The United Nations Conference on Trade and Development (UNCTAD) Minerals, Ores and Metals Price Index,5 in nominal terms, increased by roughly 90 per cent from 1972 to reach 88 points in 1974. This corresponds to a 68 per cent increase in real terms.6 It was not only oil prices that experienced a dramatic increase in 1973–74 but also commodity prices across the board, leading to a major commodity boom. For example, prices of agricultural commodities such as cereals more than tripled over the period 1972–74. Afterward, the index showed relative stability in nominal terms until the early 2000s, save for some short-term fluctuations, particularly during 1979–80, 1988–89, 1995 and 1997 due to various macro-economic shocks. In the early 2000s, dramatic increases in commodity prices ushered in another commodity boom. Between 2003 and 2008, the nominal index for minerals, ores and metals increased more than threefold. The dip in 2009 was the result of the financial crisis but prices recovered quickly to reach their peak in 2011, although they have eased in the last three years. Nevertheless, the nominal index shows that the current prices are still much higher than their levels before the beginning of the commodity boom in 2002.
For most of the period since 1970, the real value of the index trended downwards. From 1974 to 2000, the nominal value of UNCTAD Minerals, Ores and Metals Price Index increased by 13 per cent whereas the unit value index of manufactured goods exported by developed market-economy countries increased by about 122 per cent, leading to a decrease in the real value of the index by 50 per cent. This means the slight upward trend recorded in nominal prices of minerals, ores and metals could not match increasing prices of manufactured products over the same period. This confirms the unfavourable evolution in the terms of trade of countries that export minerals, ores and metals but mostly import manufactured products. The long-term decline in real prices is illustrative of the relevance of the Prebisch-Singer hypothesis, even taking into account the recent commodity boom (Harvey et al. 2010) and the effect of cheap imports from China on the terms of trade (Kaplinsky 2006).
From the end of 2003 to 2004, commodity prices in global markets rose gradually but the pace intensified between 2004 and 2008. For example, the UNCTAD Minerals, Ores and Metal Price Index rose to 137 points in 2004 peaking at 332 points in 2008. Thereafter, the boom was interrupted by the 2008 financial crisis. The price index lost 100 points between 2008 and 2009. However, subsequently, as demand recovered from emerging economies such as China, amid supply constraints, commodities prices rebounded to reach new peaks in 2010 and 2011. Moreover, intensified speculative trading, boosted by low interest rates and weak oversight of financial derivatives transactions, (the so-called ‘financialization of commodities’) amplified upward price movements and increased price volatility. In 2011, the UNCTAD Mineral, Ores and Metal Index reached an historical peak of 375 points. In real terms, minerals and metals prices also recorded significant increases in the 2000s, unlike the trend through the 1980s and 1990s.
The recent boom in commodity markets has been recorded as the longest in the history of commodities prices.
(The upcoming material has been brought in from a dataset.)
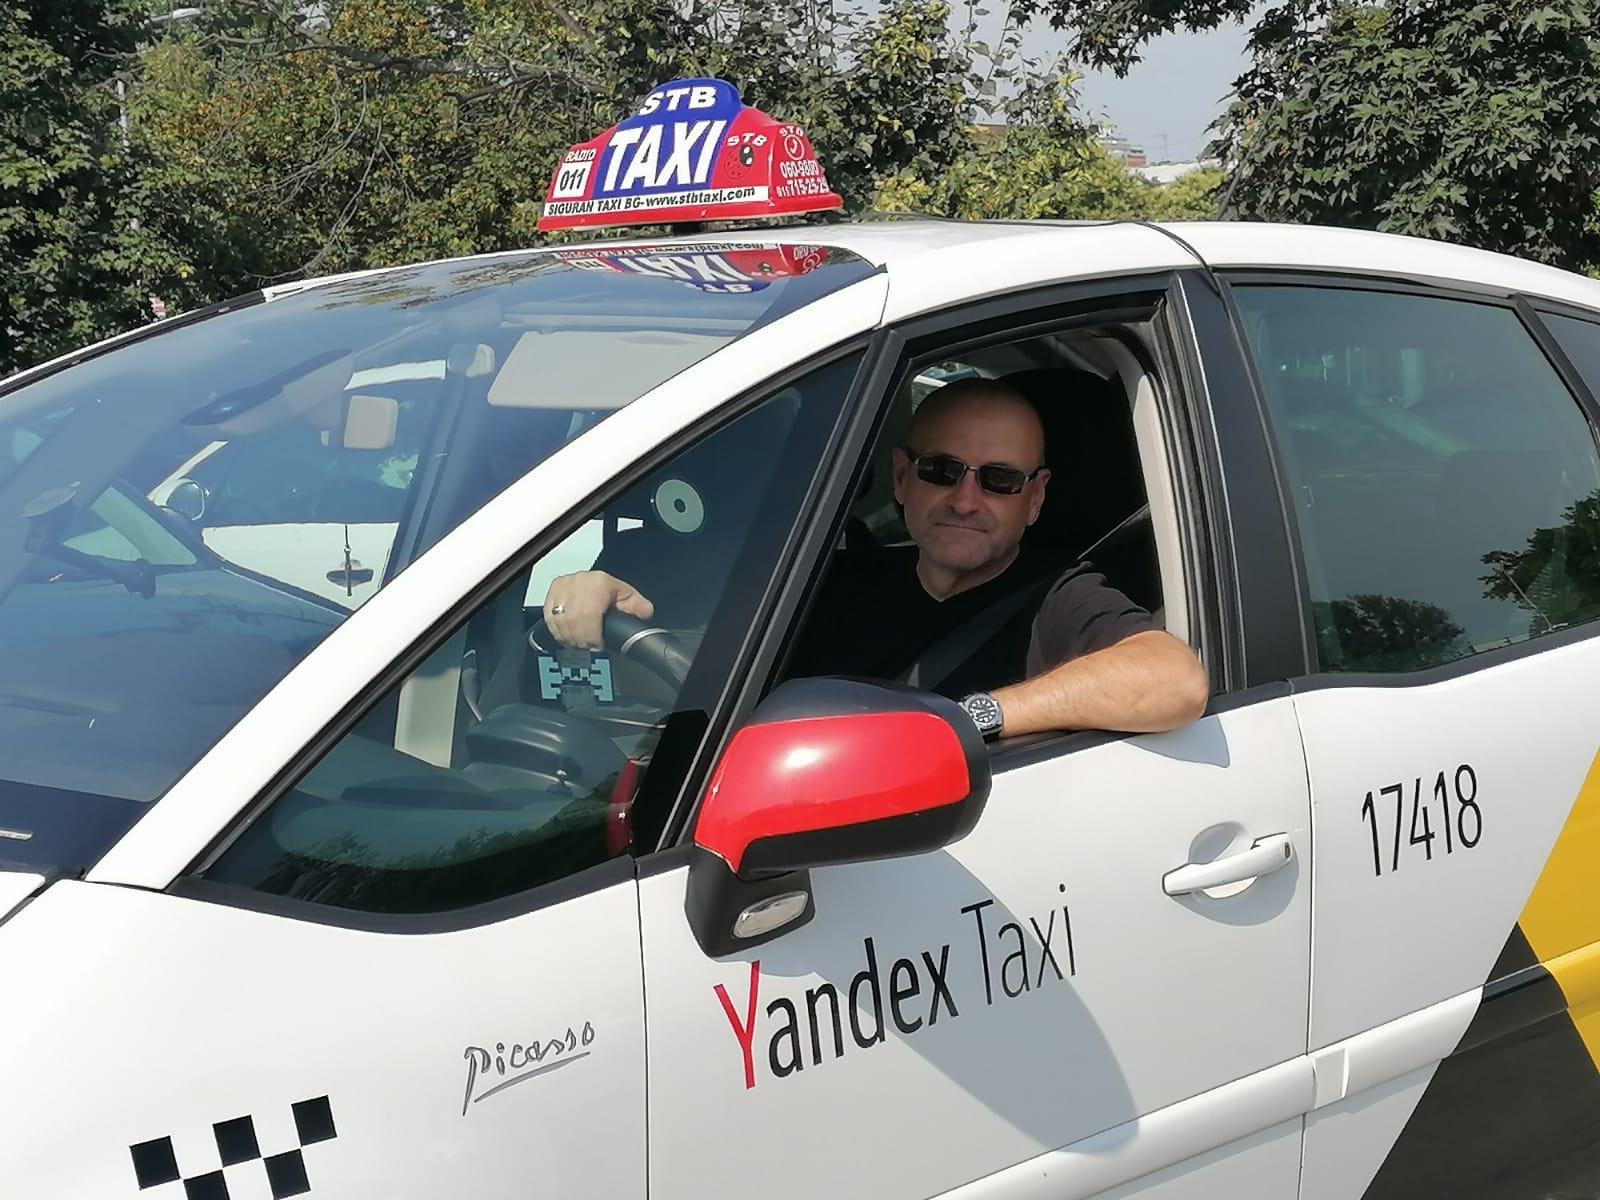 Zašto je beogradski taksista odlučio da se vrati iz Velike Britanije u Srbiju, gde je nastavio da gradi svoj život i karijeru

It also has been the broadest, as it has affected almost all commodity classes including agricultural, mining and energy commodities. In 2013, commodity prices eased in comparison to their 2011 level but minerals and metals prices remained high compared to their long-term trend. The UNCTAD Minerals, Ores and Metals Index averaged 306 points in 2013, as demand remained strong.
It is worth noting that even as commodity prices dropped, in some cases dramatically, after reaching peaks during upswing periods, they have not returned to their pre-boom levels. It would, however, be simplistic to conclude that current levels of prices are likely to be a new phase of minerals, ores and metals prices. As highlighted by UNCTAD in its 2013 Trade and Development Report (2013b: 59–60) there are differing views. First, one school of thought contends that we have actually entered in a new phase of calmer and more stable growth where commodity prices will remain at relatively high levels compared to their pre-2003 levels. For these observers, the pre-2003 levels of commodity prices are behind us. Second, some observers think that the expansionary phase of the commodity supercycle, started a decade ago, still has some years to run. This school of thought argues that emerging economies including China and India will continue an intensive growth trajectory that will keep commodity prices firm. Finally, some others believe that the expansionary phase has come to an end and further price drops should be expected. The ongoing restructuring of China’s economy, which to some extent is shifting from investment to consumption, may sustain this point.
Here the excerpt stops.